Sunday, January 20, 2013

Another Blast of Hot Air

That remarkable thinker Theodore Zeldin (1994) says an opportunity is wasted every time a meeting has taken place and nothing has happened. If so, most of us spend a depressingly high percentage of our lives on fruitless chatter. 

This is often no accident, since many meetings are not intended to achieve anything, having been proposed for sundry selfish reasons. A common one, which also begets much market research, is the desire of an individual or individuals to avoid being responsible for a decision. This is often wise, since whilst it is perfectly possible that someone may be fired for getting something wrong, few firms are so callous or determined as to get rid of a whole group because of something for which no one person can be blamed. 

Some meetings have objectives so ludicrous it is inconceivable that can be achieved. Thus, about four years ago a client assembled about 16 people from all over the world in London to discuss nothing less than the complete restructuring benefits and services his vast organization offered to its millions of customers. How he imagined the very basis of his firm's businesses could be transformed for the better by eight hours' jabbering around a conference table i did not understand. i spent most of the day trying to calculate the cost in air fares and fees of those present - who included, apart from the company's representatives and those of their agencies, some astoundingly expensive management consultants from the United States and Europe. 

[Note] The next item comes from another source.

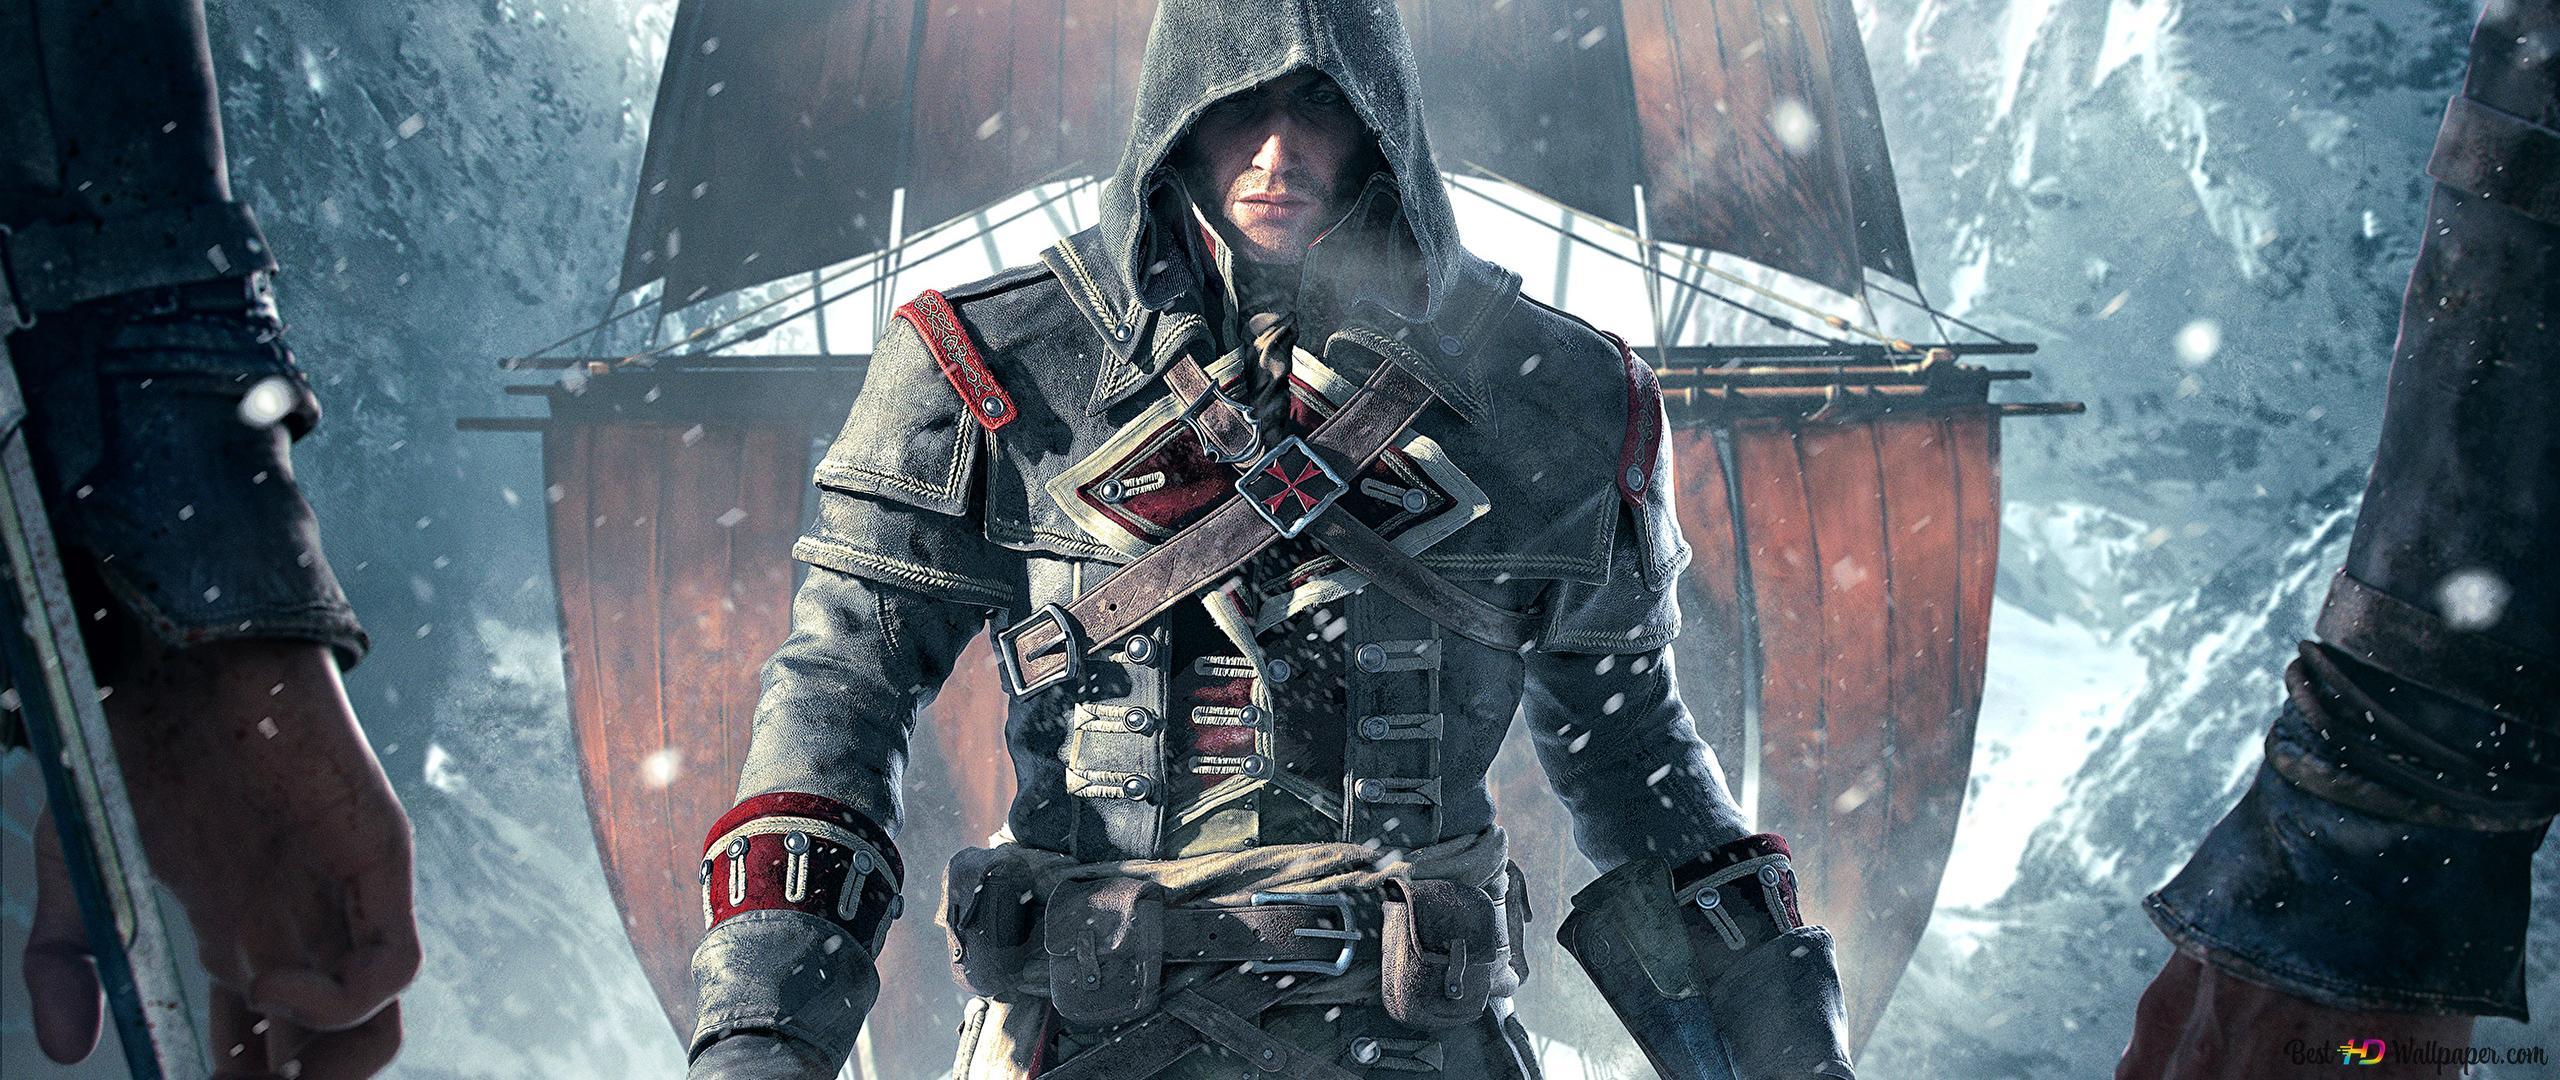 Assassin S Creed 4 Black Flag Shay Patrick Cormac Hd Wallpaper Download

 Many meetings revolve around presentations, but few receive the rapt attention they deserve. A few years ago a friend, Roger Millington, entered the wrong conference room at a big agency. He thought he was talking to an audience of people selling ladies' underwear, whereas they were from Goodyear Tyres. He swears he was a good 10 minutes into his spiel before anyone noticed everything he was saying was hilariously irrelevant. 

When I first became a creative director many years ago I soon learnt meetings were an even greater theft of time than procrastination and never attended unless forced to, merely sending in advance my written views on the subject in question, offering to turn up and discuss them if asked. I don't recall this ever happening, which probably says more than I would like about the poor quality of my thinking. In Up the Organization, Robert Townsend, who made Avis successful, suggests all meetings be held standing up so people will not dawdle. 

But Zeldin is right. The greatest curse of meetings is that most produce nothing. Either there is no conclusion save that another meeting should take place or, if it is decided what should be done, it is not made clear by whom; and even if that essential point is established, it is rarely made clear by when it must be done. 

If what I have written reflects your own experience, I am not at all surprised. But if your organization does not suffer from these vices, it either already is or soon will be amazingly successful. But dont get complacent. Given enough meetings, it won't stay that way long.